Source material -

<<<<

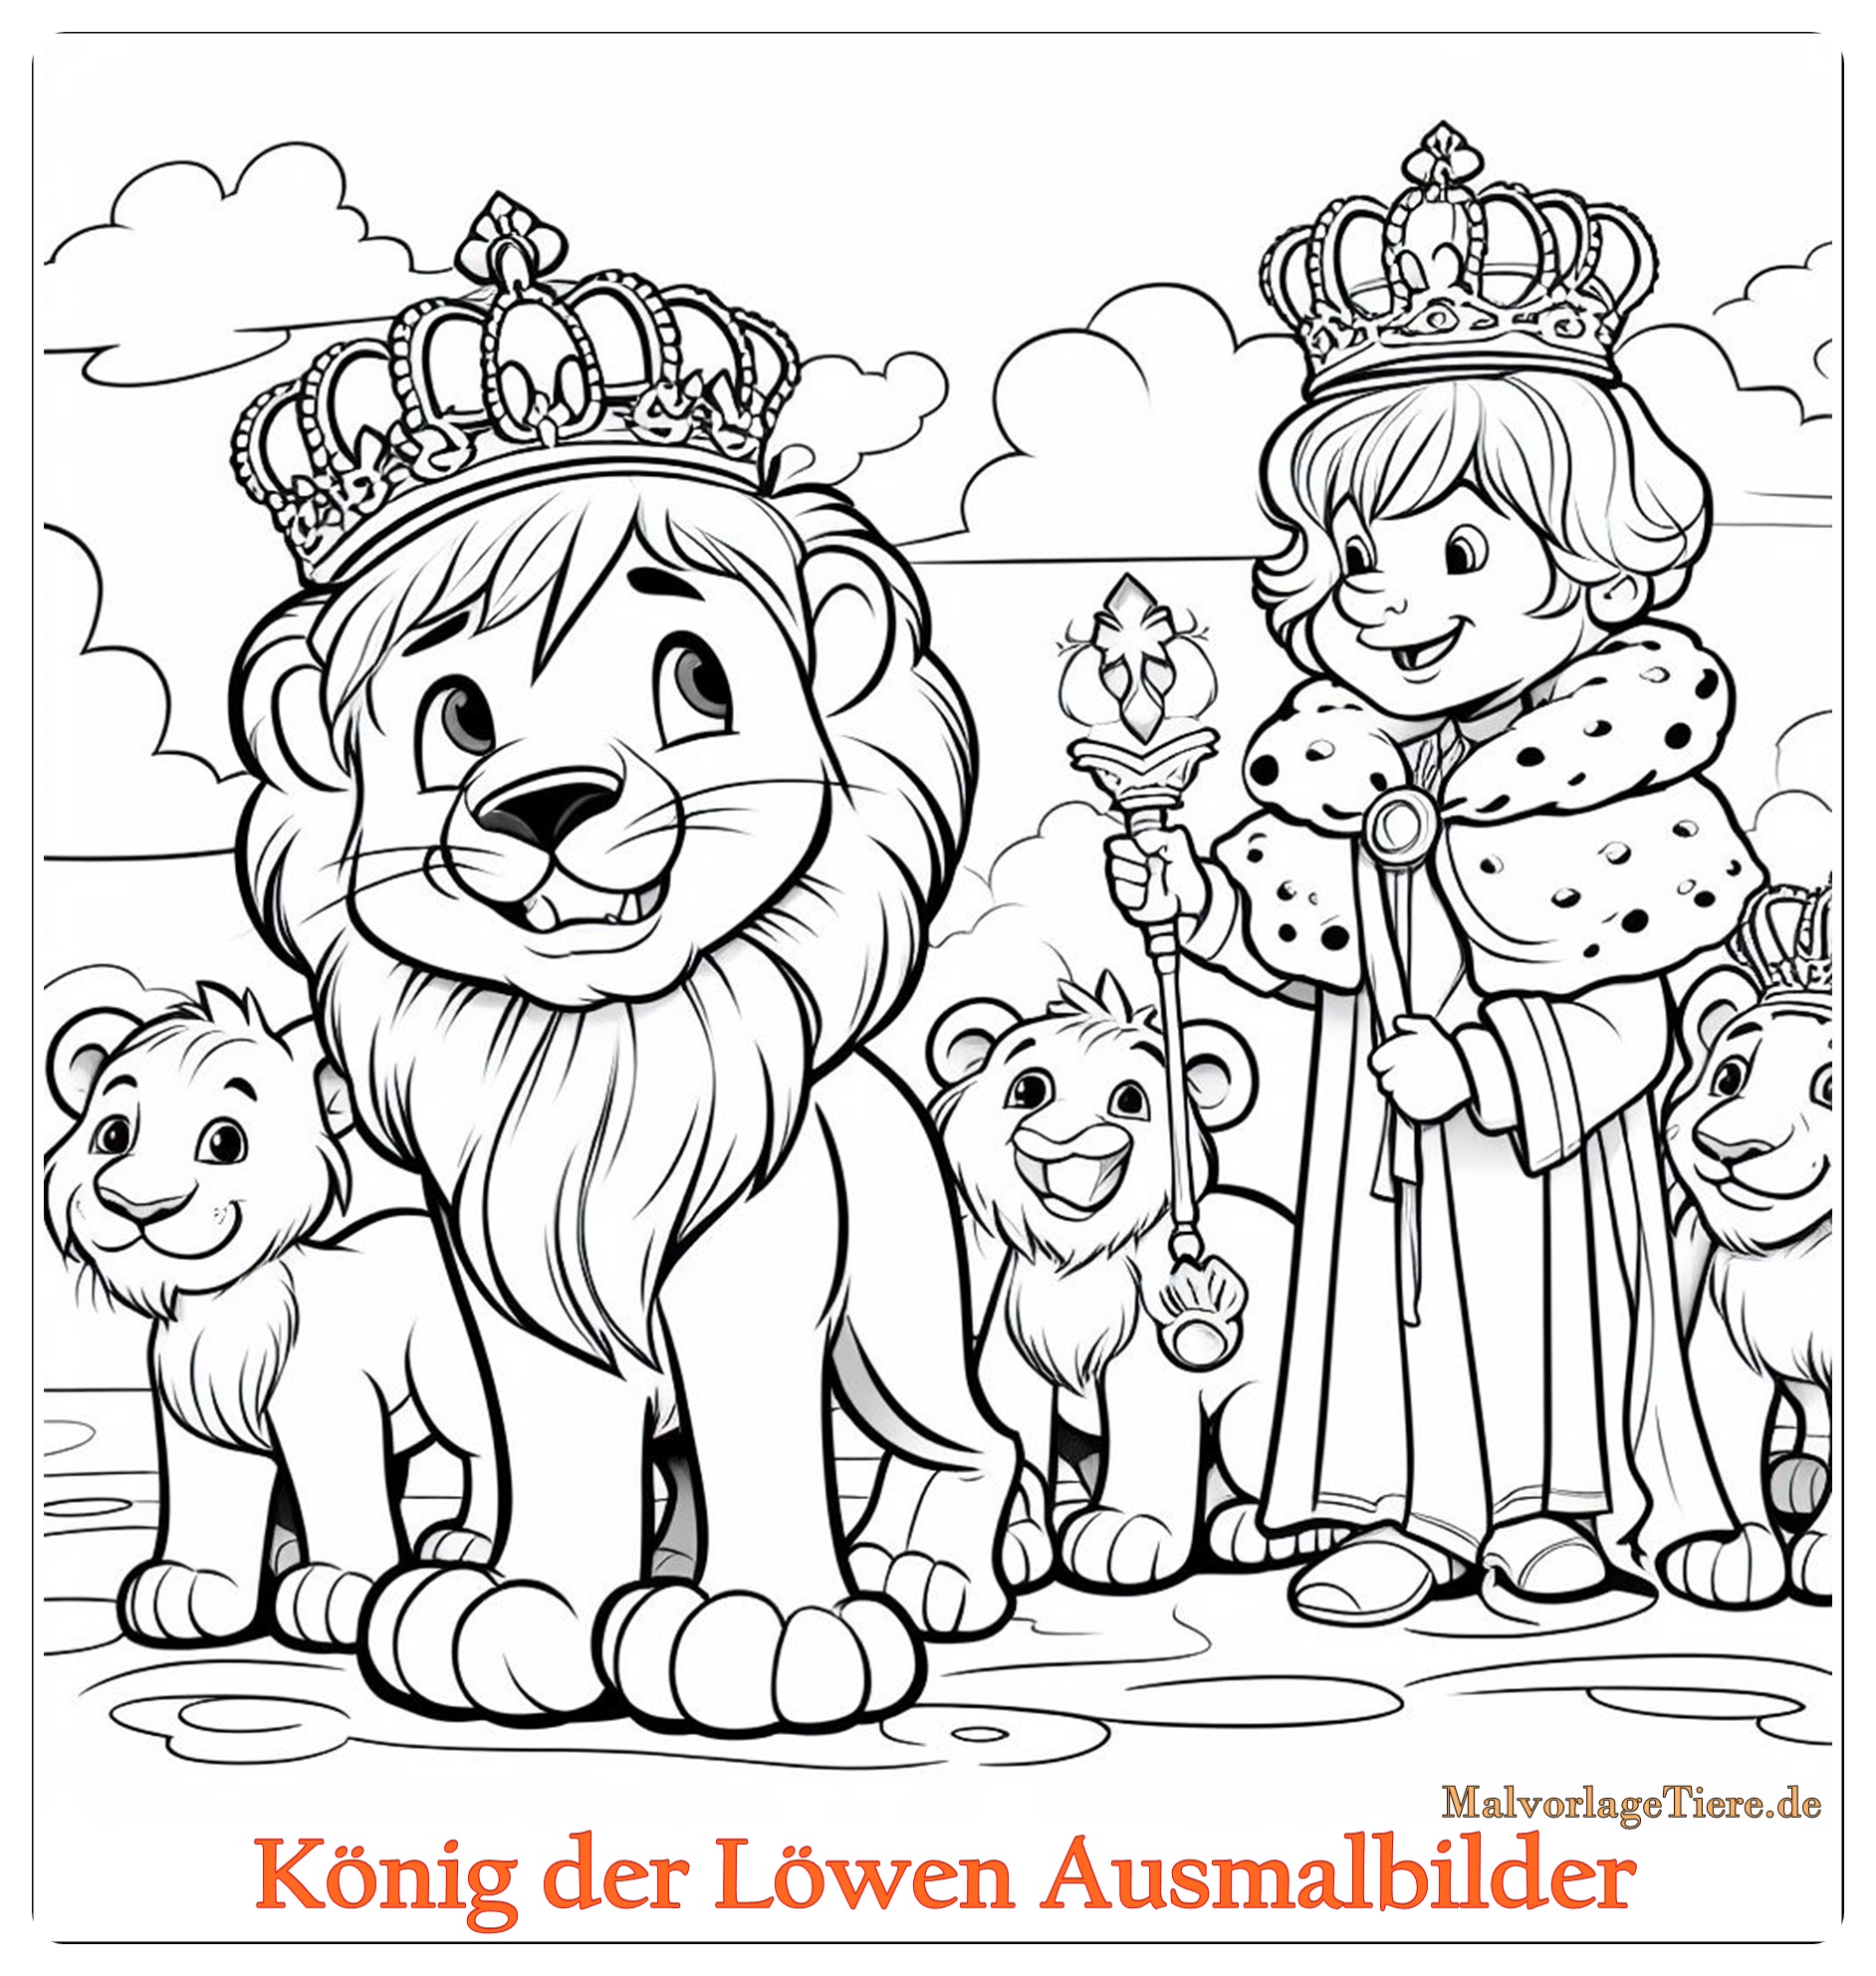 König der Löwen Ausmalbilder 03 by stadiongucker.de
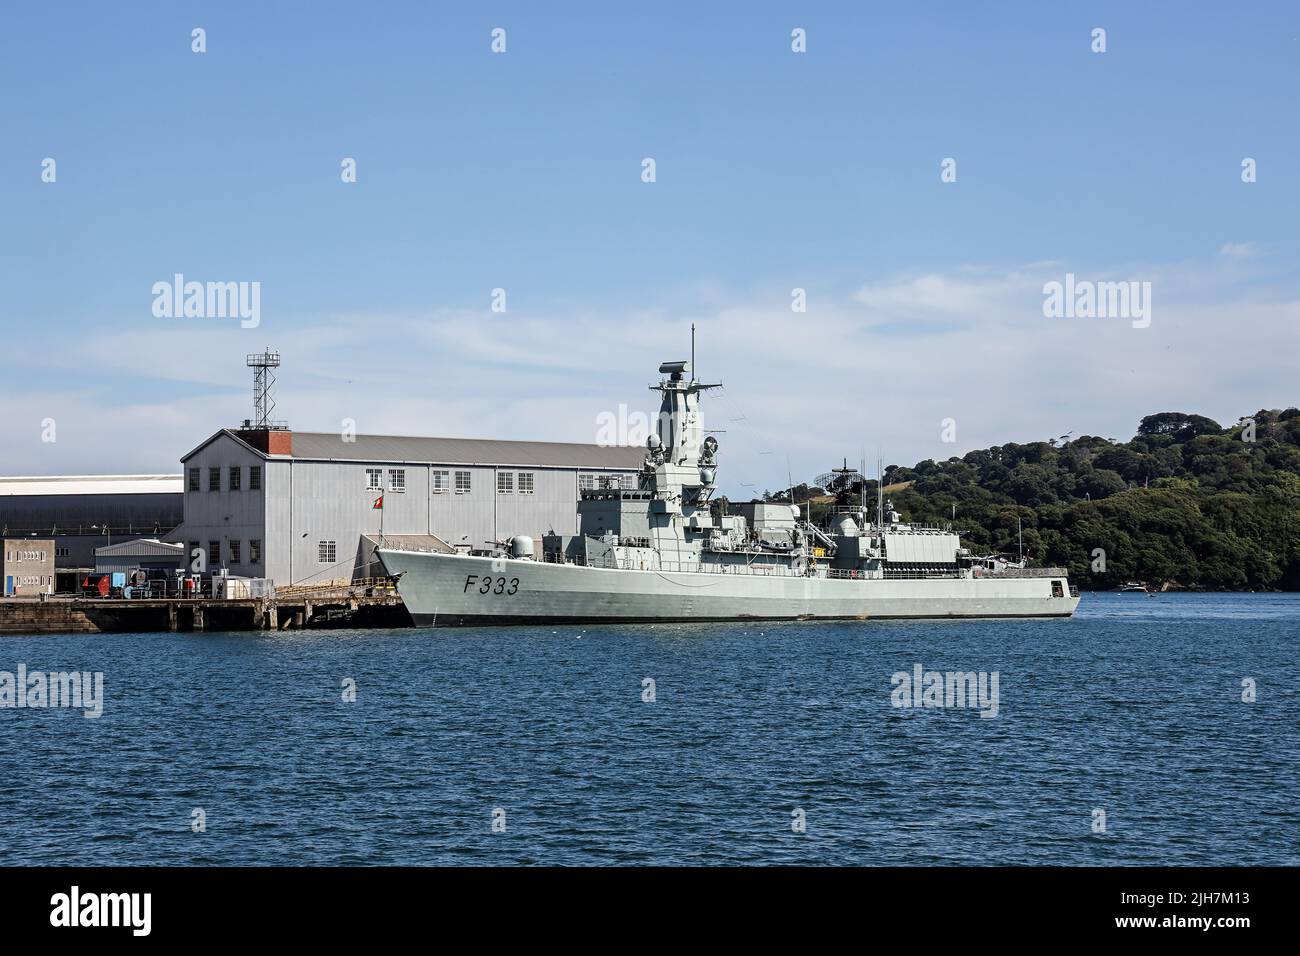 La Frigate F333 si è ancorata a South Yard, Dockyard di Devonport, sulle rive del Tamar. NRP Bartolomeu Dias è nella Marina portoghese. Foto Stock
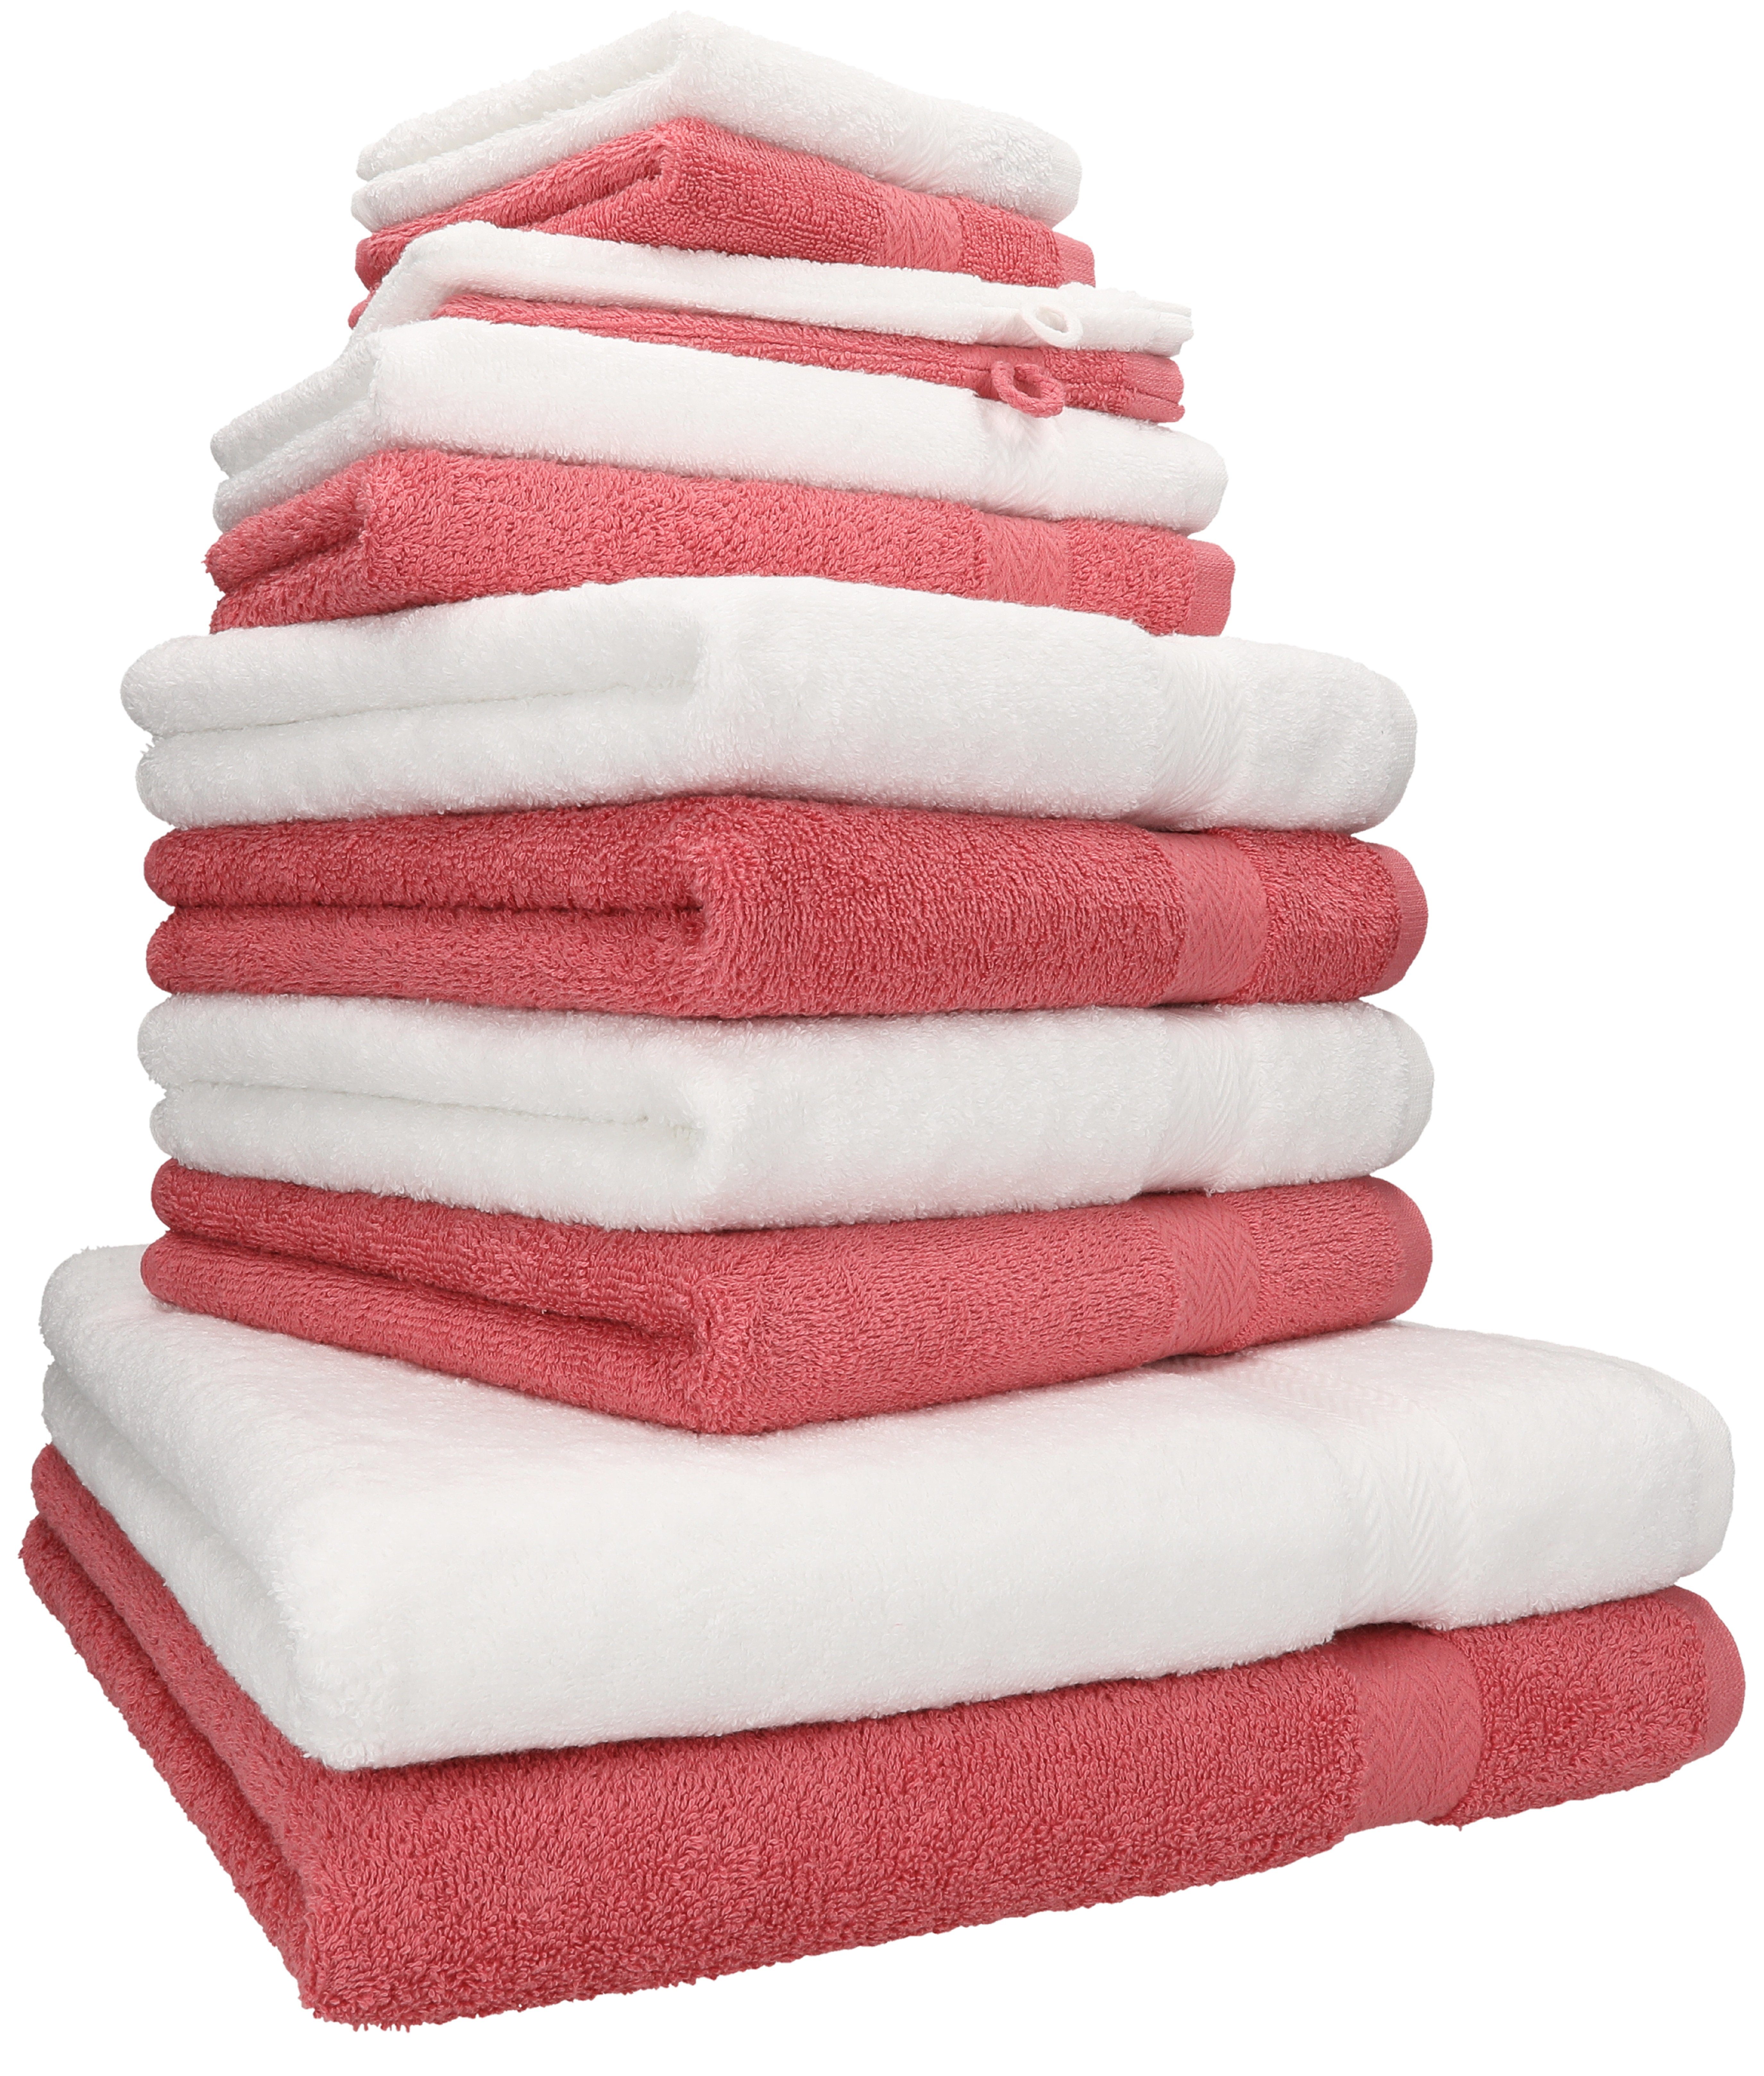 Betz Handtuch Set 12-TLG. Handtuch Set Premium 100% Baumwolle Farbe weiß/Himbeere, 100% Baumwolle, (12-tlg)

>>>>

Task item - Give back every line of the material above word for word, leaving out the pictures.

Result -
 König der Löwen Ausmalbilder 03 by stadiongucker.de
 La Frigate F333 si è ancorata a South Yard, Dockyard di Devonport, sulle rive del Tamar. NRP Bartolomeu Dias è nella Marina portoghese. Foto Stock
 Betz Handtuch Set 12-TLG. Handtuch Set Premium 100% Baumwolle Farbe weiß/Himbeere, 100% Baumwolle, (12-tlg)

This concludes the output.